For purposes of this section, the terms “Class II railroad” and “Class III railroad” have the respective meanings given such terms by the Surface Transportation Board.
Rules similar to the rules of paragraph (1) of section 41(f) shall apply for purposes of this section.
This section shall apply to qualified railroad track maintenance expenditures paid or incurred during taxable years beginning after December 31, 2004, and before January 1, 2015.
2014—Subsec. (f). Pub. L. 113–295 substituted “January 1, 2015” for “January 1, 2014”.
2013—Subsec. (f). Pub. L. 112–240 substituted “January 1, 2014” for “January 1, 2012”.
2010—Subsec. (f).
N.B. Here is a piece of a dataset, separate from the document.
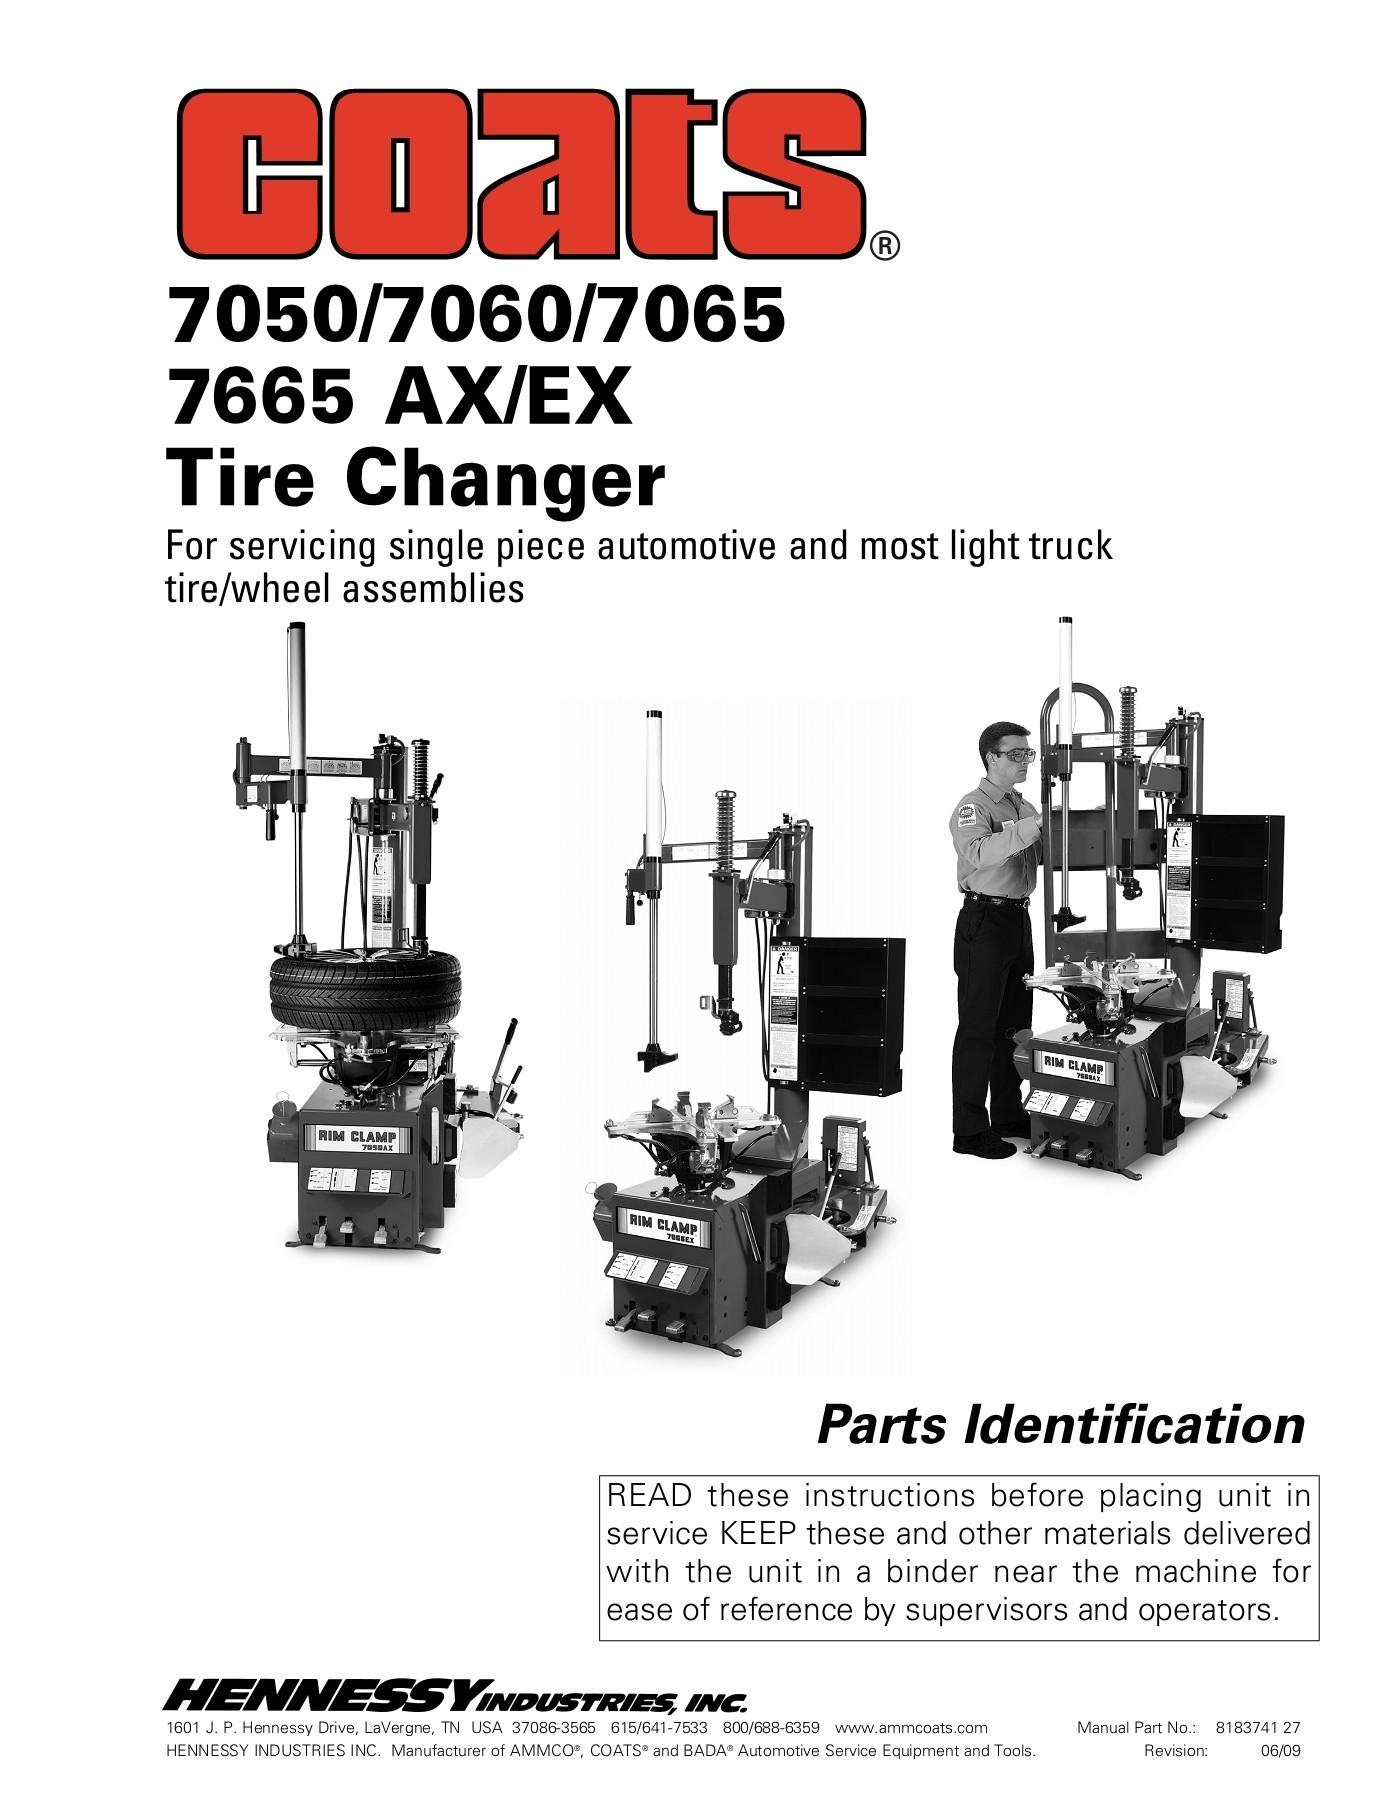 Coats Tire Machine Parts Diagram 7050 7060 7065 7665 Ax Ex Tire Changer Pages 1 24 Text Version Of Coats Tire Machine Parts Diagram

Pub. L. 111–312 substituted “January 1, 2012” for “January 1, 2010”.
2008—Subsec. (f). Pub. L. 110–343 substituted “January 1, 2010” for “January 1, 2008”.
2006—Subsec. (d). Pub. L. 109–432 inserted “gross” after “means” and “(determined without regard to any consideration for such expenditures given by the Class II or Class III railroad which made the assignment of such track)” before period at end.
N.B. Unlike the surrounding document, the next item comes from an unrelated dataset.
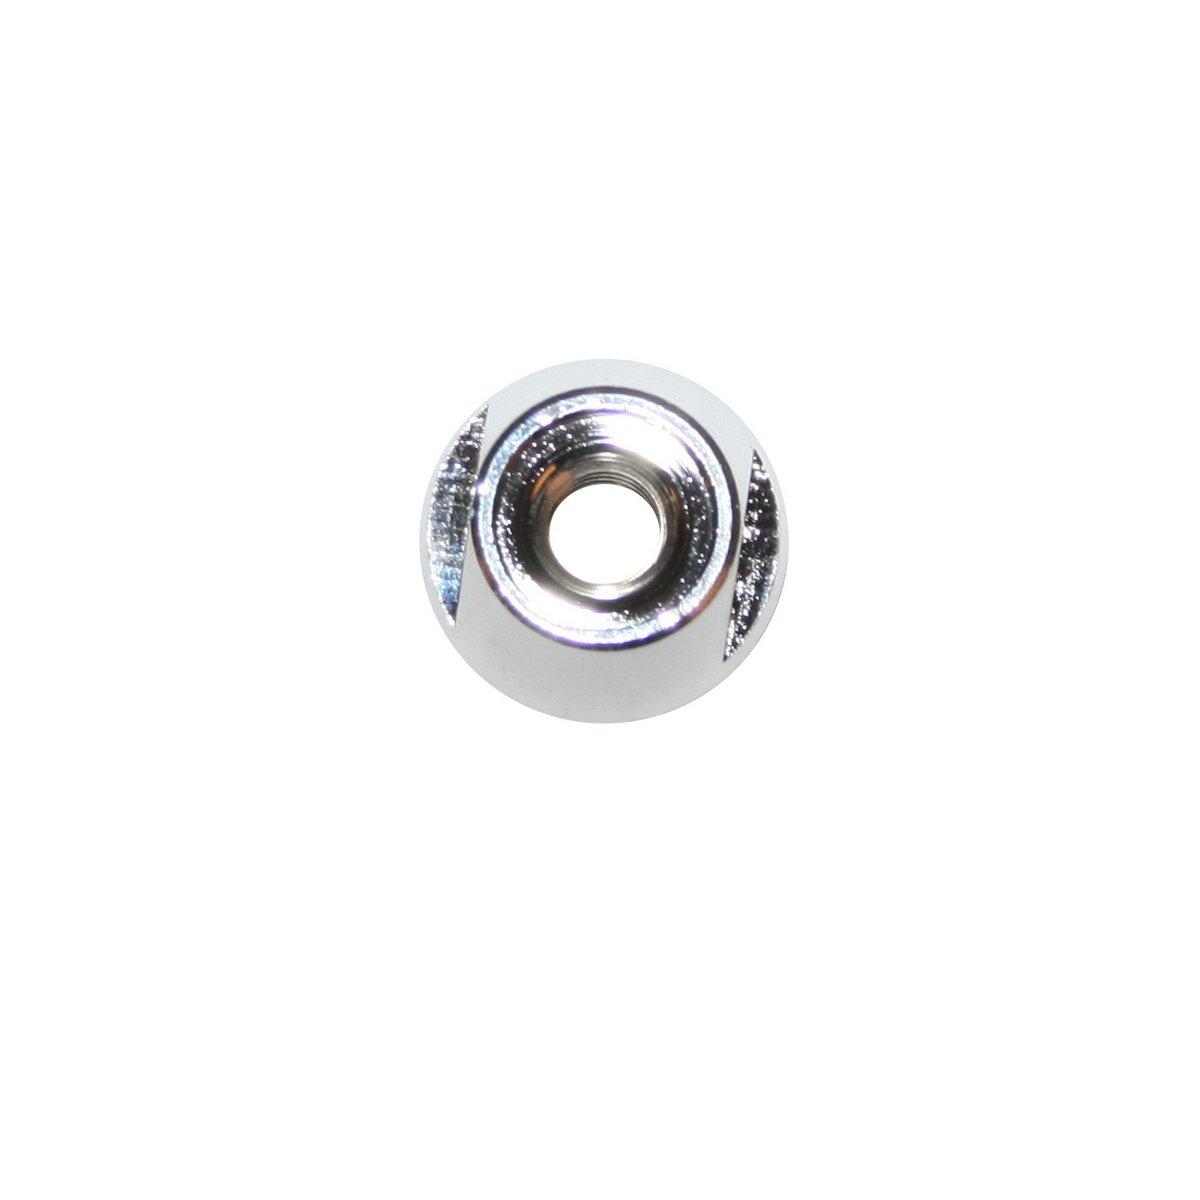 Omix-Ada 18607.05 Transfer Case Shift Knob Locknut

2005—Subsec. (b). Pub. L. 109–135, § 403(f)(1), reenacted heading without change and amended text generally. Prior to amendment, text read as follows: “The credit allowed under subsection (a) for any taxable year shall not exceed the product of—
“(1) $3,500, and
“(2) the number of miles of railroad track owned or leased by the eligible taxpayer as of the close of the taxable year.
A mile of railroad track may be taken into account by a person other than the owner only if such mile is assigned to such person by the owner for purposes of this subsection. Any mile which is so assigned may not be taken into account by the owner for purposes of this subsection.”
Subsec. (c)(2). Pub. L. 109–135, § 403(f)(2), amended par. (2) generally. Prior to amendment, par. (2) read as follows: “any person who transports property using the rail facilities of a person described in paragraph (1) or who furnishes railroad-related property or services to such a person.”
Amendment by Pub. L. 109–135 effective as if included in the provision of the American Jobs Creation Act of 2004, Pub. L. 108–357, to which such amendment relates, see section 403(nn) of Pub. L. 109–135, set out as a note under section 26 of this title.